Une fois lancé dans l’aventure, on comprendra vite que le jeu n’a pas grand-chose d’un point & click classique, et si la forme y ressemble le fond en est complètement différent. En effet, le soft se décompose en six chapitres représentant chacun une situation délicate dans laquelle votre objectif est simple : survivre.
Gérer une prise d’otage et survivre à 20 jours de torture sont deux des frivolités concoctées par les développeurs.

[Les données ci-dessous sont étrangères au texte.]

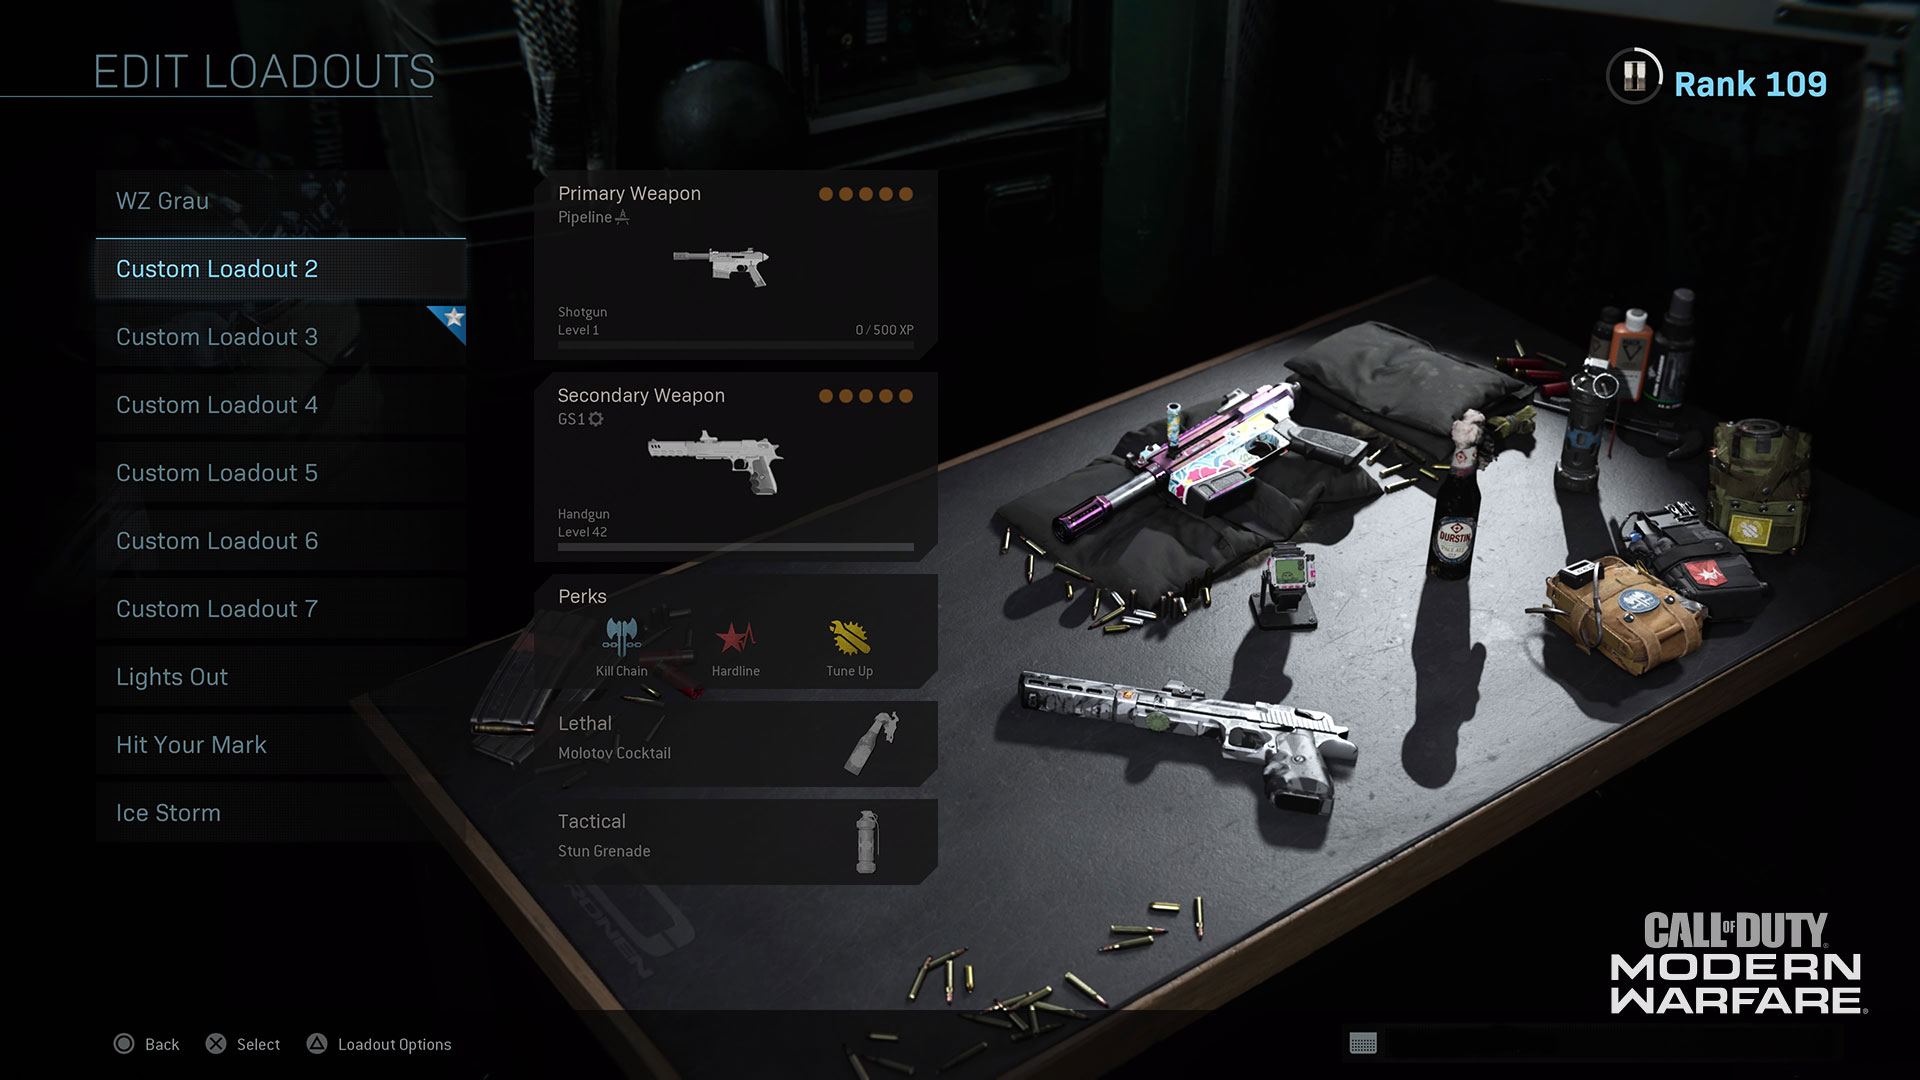 Introducing: The VLK Rogue Shotgun - Image 1

Chaque situation se présente alors sous la forme d’un unique tableau, parcourable de gauche à droite sur un plan 2D comprenant les différents personnages et objets du décor avec lesquels vous pourrez interagir pour faire progresser l’histoire.
Deux sortes d’actions sont ainsi disponibles, différenciées par deux couleurs :
- les actions surlignées en vert seront dites « gratuites » (traduction un tantinet hasardeuse du terme free), cela veut dire qu’elles ne feront pas progresser l’action, le plus souvent il s’agira de dialoguer avec un personnage pour obtenir des informations sur le background ou sur votre rôle dans la mission en cours;
- les actions surlignées en rouge, par contre, sont celles dont vous aurez à assumer les conséquences. En ce sens, elles sont primordiales pour le déroulement de chaque chapitre. Choisir que répondre à votre bourreau, assigner un membre de votre équipe à une tâche, choisir de calmer, de consoler, de réprimander, de frapper, ou de tuer un personnage, les choix sont aussi variés que douloureux à faire.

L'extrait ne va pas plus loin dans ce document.